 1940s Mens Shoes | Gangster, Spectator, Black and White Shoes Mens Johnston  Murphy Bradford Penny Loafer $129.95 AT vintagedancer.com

++++++++

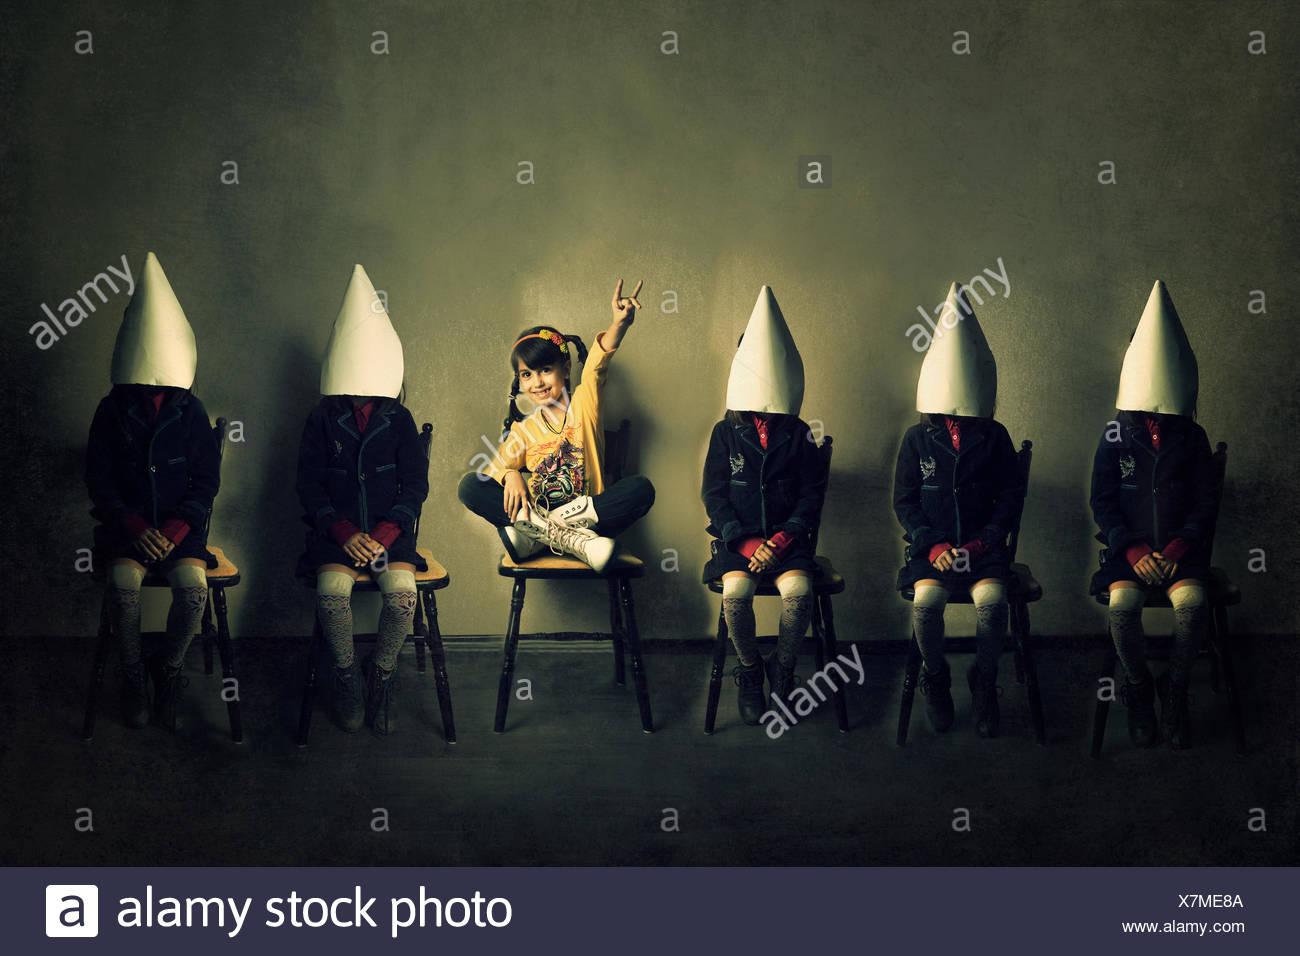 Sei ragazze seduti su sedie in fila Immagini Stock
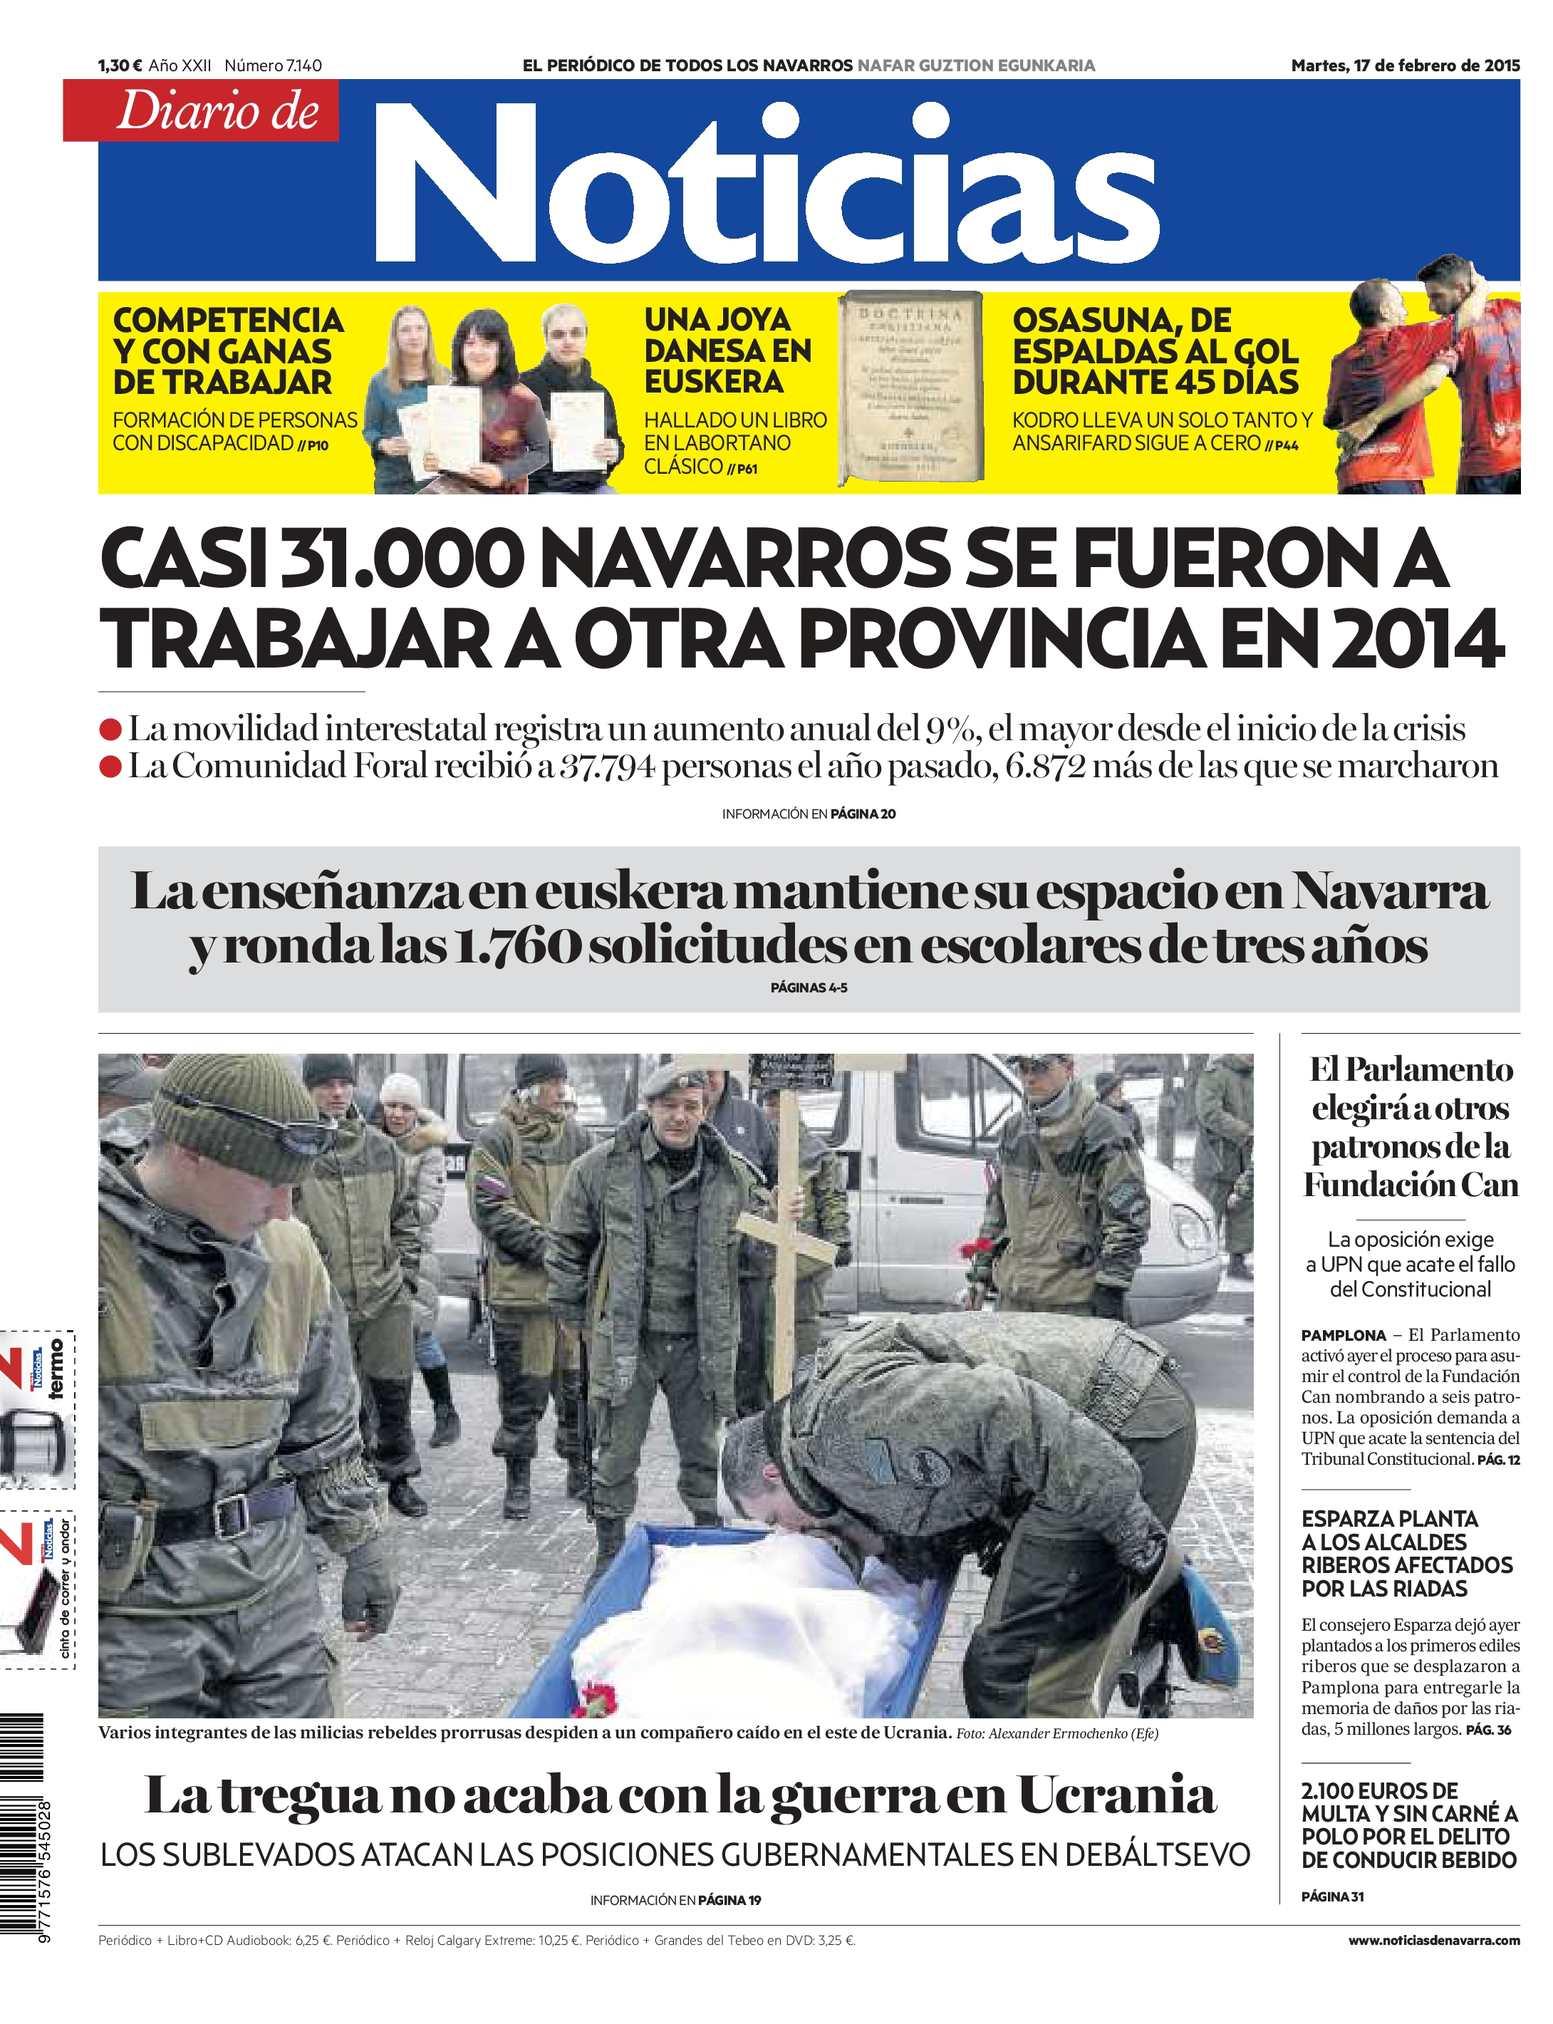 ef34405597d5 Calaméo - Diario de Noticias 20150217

++++++++

» Work required: Starting at the line above with "Sei ragazze seduti", output every line exactly up to and including the line with "ef34405597d5 Calaméo - Diario", but none of the pictures.

» Exercise output:
 Sei ragazze seduti su sedie in fila Immagini Stock
 ef34405597d5 Calaméo - Diario de Noticias 20150217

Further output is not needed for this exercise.